As you say though, these ideas are only viable in a P3 timeframe.

Also, sorry to hear you had the flu. I'm glad you've recovered!

jmg · 2014-01-06 14:55

There is also execute in place on FLASH memory, which probably has simpler silicon support.
It may be able to share some of the HUB wide fetch logic, but even a very basic Quad-random 32 bit read, could be :

FastReadOctalWord = 12 clks+8clks for 32 bits, so 70MHz QSPI can feed opcodes at 285ns, no queue at all
Every opcode generates a new address and read, so this is slow-and-simple - there are no decisions or checks, every opcode generates a new address and gets new data.
It would suit a lowest-time-slice thread, leaving most of the COG power for other tasks.

FastReadOctalWord looks to fetch 16 bytes, or 4 opcodes, on a block basis, and can do that in a peak rate of 143ns/opcode.

Silicon support needed is a 16 byte buffer, and a compare decision.
Not all opcodes re-read, and the logic needs to chose buffer-rd or Flash read
Worst case would be a short jump between 2 blocks, which would run at 571ns/opcode
Best case would be a loop of up to 4 opcodes, that can stay in the buffer, & that could actually spin well under 143ns
(ie run at whatever rate the threads and fetch paths can deliver on-chip opcodes )

Winbond Data seems unclear if 16.32.48 byte reads are possible, or only 16 ?
Some small octal-align steps in the compiler could improve the speeds.

potatohead · 2014-01-06 15:32

Aren't HUBEX programs limited to 64K? Thought I saw that but can't find the reference.

jazzed · 2014-01-06 15:50

16bit program counter (16 bits << 2) = 64K longs = 256KB hub ram.

David Betz · 2014-01-06 15:51

potatohead wrote: »

Aren't HUBEX programs limited to 64K? Thought I saw that but can't find the reference.

They're limited to 64k longs which is 256k bytes. I had forgotten about that. You'd have to use the BIG instruction or whatever Chip called it to get a full 32 bit address in external memory mode.

David Betz · 2014-01-06 15:56

jmg wrote: »

There is also execute in place on FLASH memory, which probably has simpler silicon support.

I think the TLB would be simpler since all it does is translate external addresses to hub addresses and then executes the instruction identically to a hub-resident instruction. However, I neglected to mention that the PC would have to be increased to 30 bits.

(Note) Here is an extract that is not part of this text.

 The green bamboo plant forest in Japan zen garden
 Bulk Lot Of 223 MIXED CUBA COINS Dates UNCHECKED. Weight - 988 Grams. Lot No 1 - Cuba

I guess the translation might be in the critical path though so maybe this would limit clock speed.

jmg · 2014-01-06 16:27

David Betz wrote: »

I think the TLB would be simpler since all it does is translate external addresses to hub addresses and then executes the instruction identically to a hub-resident instruction. However, I neglected to mention that the PC would have to be increased to 30 bits. I guess the translation might be in the critical path though so maybe this would limit clock speed.

but you still need to fetch external code, and the storage, and decisions when to do so. That makes it a a P3 problem ?

In the simplest form, the Flash XIP needs none of that - it simply outputs a new address for each opcode.
Very simple in HW, and moderate but predictable speed results.

Most of the HW will come for free from the better SerDes anyway.
What's added is effectively a 'fetch opcodes via SerDes' handler state engine.

By doing the simple address-packaging in silicon, you can use most of the COG for real work, and feed a low-resource thread the XIP native opcodes ~ 3.5M OPS is ok for many tasks, and it could call COG-resident libraries, for inner-loop speed, if really needed.

The flash can accept 24 bit Address, so long jumps would be by @REG, and I think Chip was making all others relative so code in XIP flash, would be the same as code in HUB.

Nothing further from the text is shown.